A distributed approach is Harder to implement since it needs to tackle all the possible flaws of connectivity on different points and propagate the information across all devices 1) how to access the robot, 2) which device is going to send the commands to the robot and what happen during a disconnection.
A centralized approach relies in one device to communicate the commands to the robot and keeps the other devices updated, meaning that they don’t communicate each other directly. We choose the centralized approach in order to facilitate facilitator and students their interaction, since only one device will handle any error or problem. We took a high risk decision, since we didn’t know if one tablet were able to handle multiple connections at once.
We defined the protocol following Collazos collaborative learining task division. On pre-process stage, the protocol must provide the ability to setup the groups, define which commands each member will have. Also the timeout for every turn is defined and groups are assemble.
For the In-Process stage, the protocol must facilitate the “board status” data propagation so every student has the must up-to-date version. It also must handle the timeout for student actions and allow the facilitator to monitor every group progress.
For the Post-Process, it needs also to allow students let the facilitator know when they think they are ready so he or she can verify the solution correctness and decide if sends or not the solution to the robot.

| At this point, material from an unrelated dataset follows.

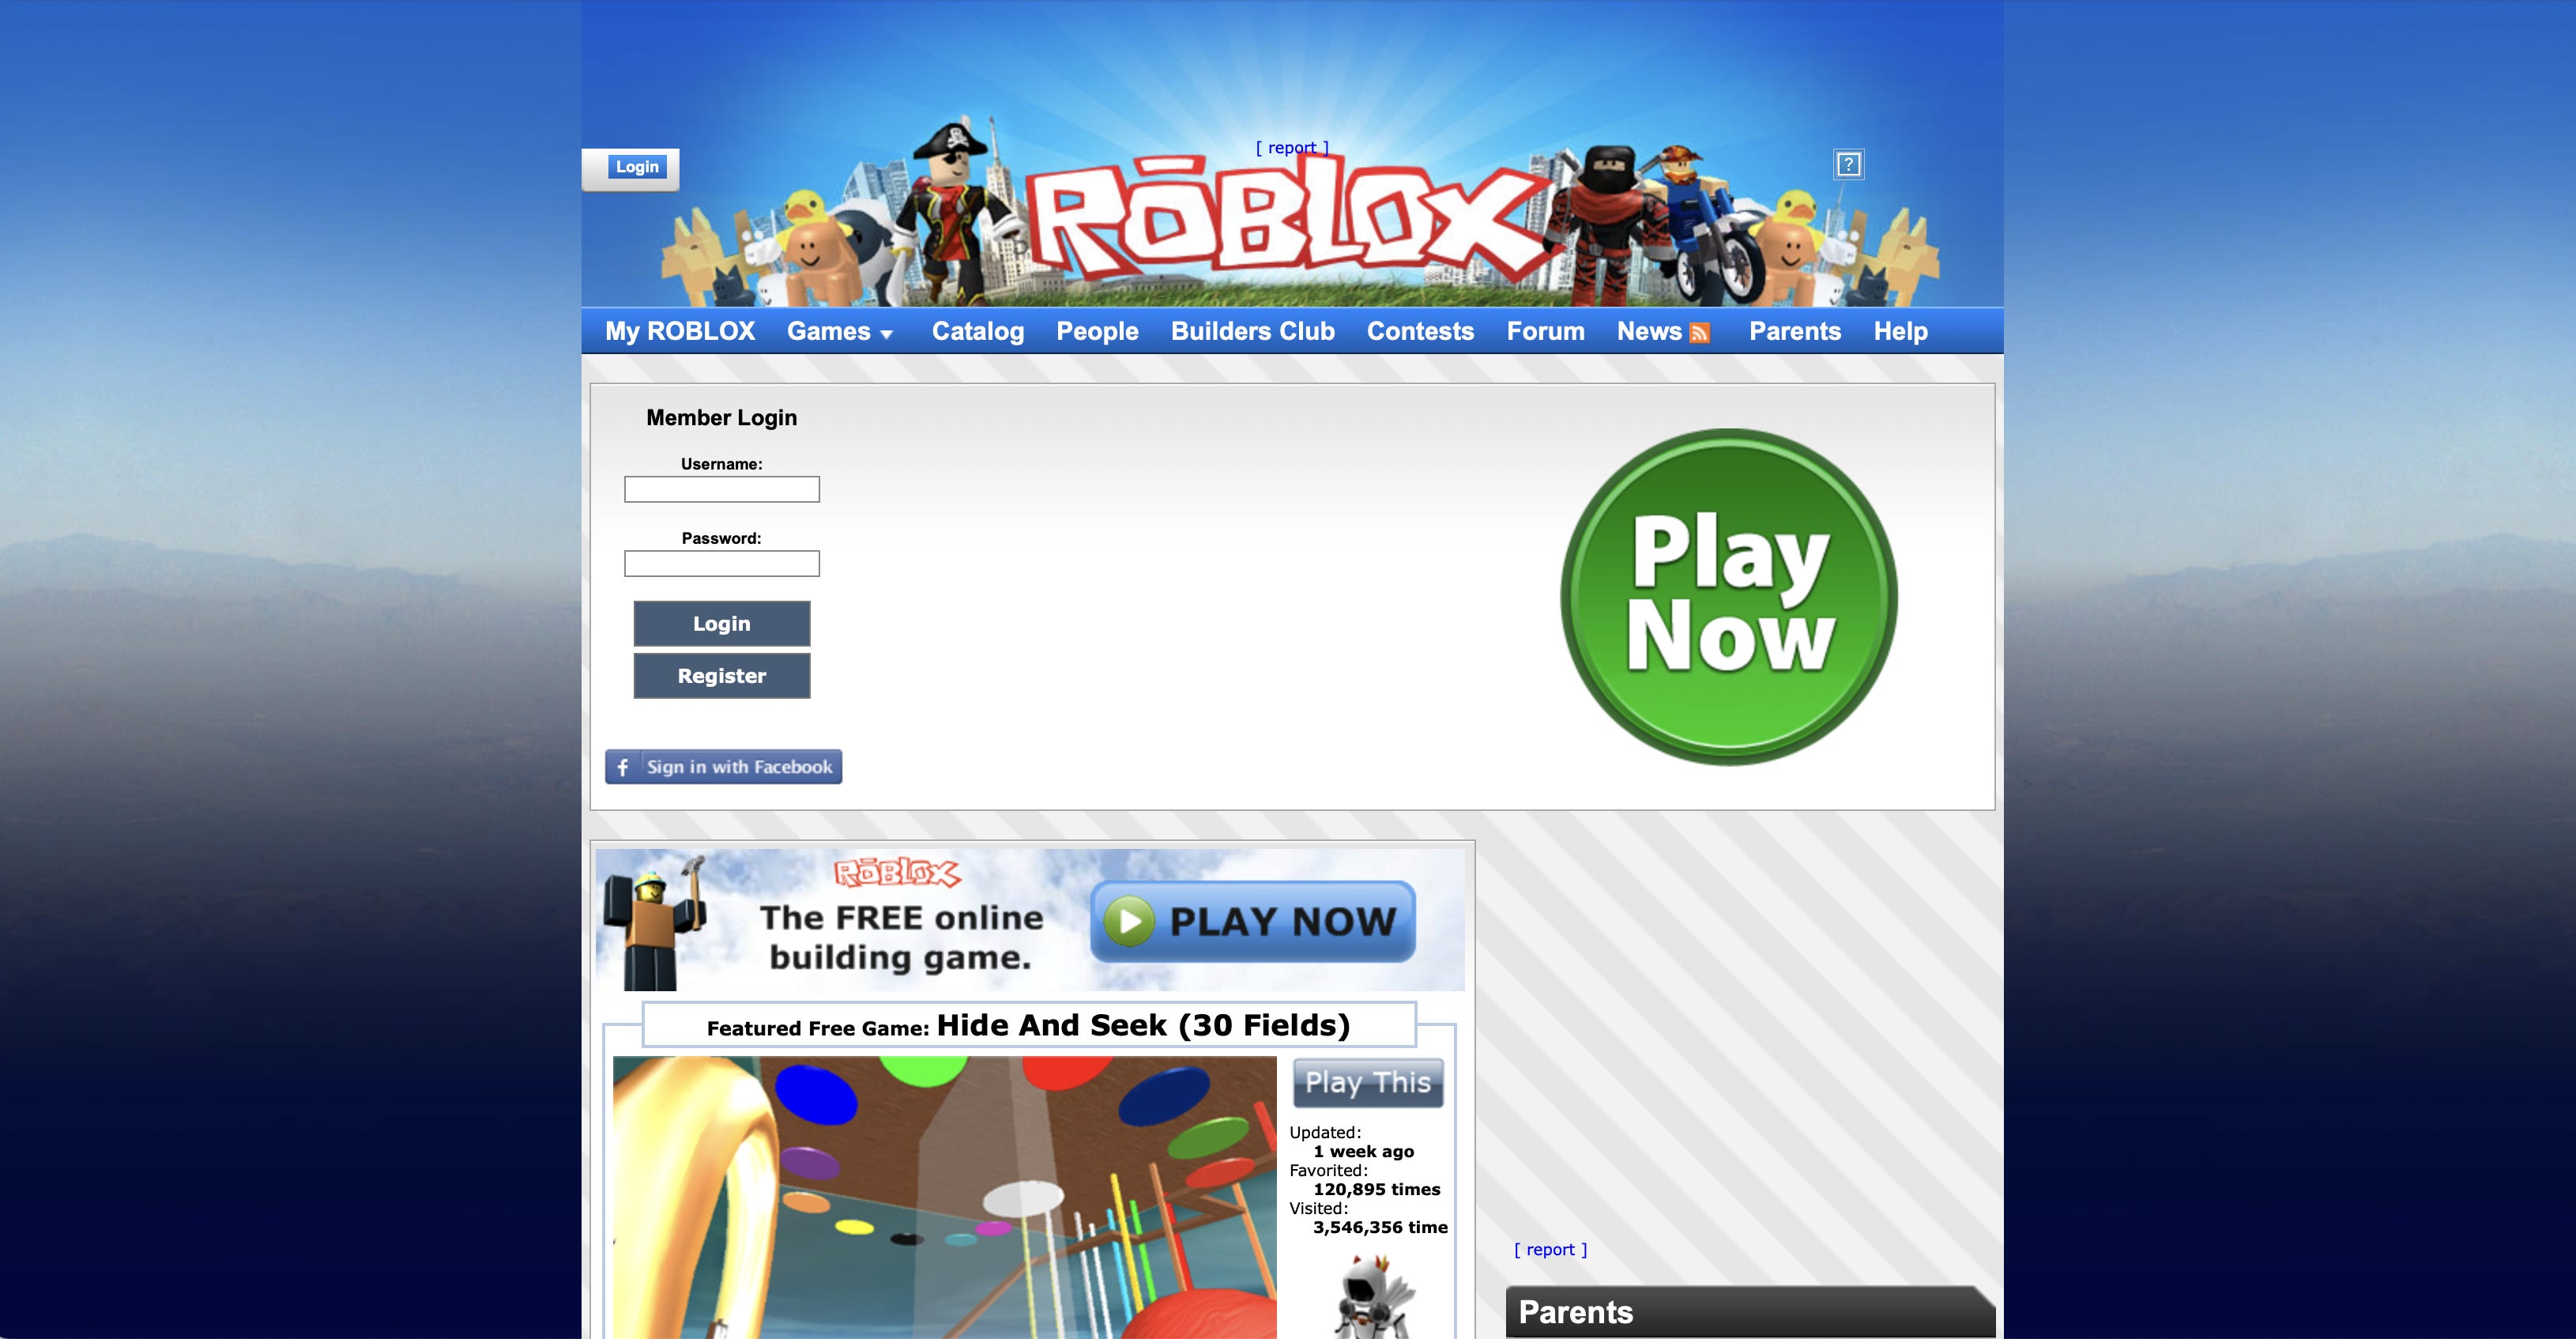 Roblox S Growth Strategies And Why Becoming A Metaverse Is A Bad Idea By Benjamin Schroeder No Ordinary Strategy - robux developer exchange rate

The implementation of the protocol consisted on defining the messages sent back and foward between the “master” device and the “students”. The base structure is an ID which is a unique value used to identify every message. The type consists in a constant that helps to categorize the meaning of the message. The timestamp is the time when the message was sent from the device (also used to synchronize clocks across devices using facilitator’s device time) and finally a Data which structure will depend on the message type. We decide to use JSON as message format, since there are plenty of libraries available on Java and Android to marshalling and unmarshalling objects.
With this structure we could implement the messages based on the definition done during the design.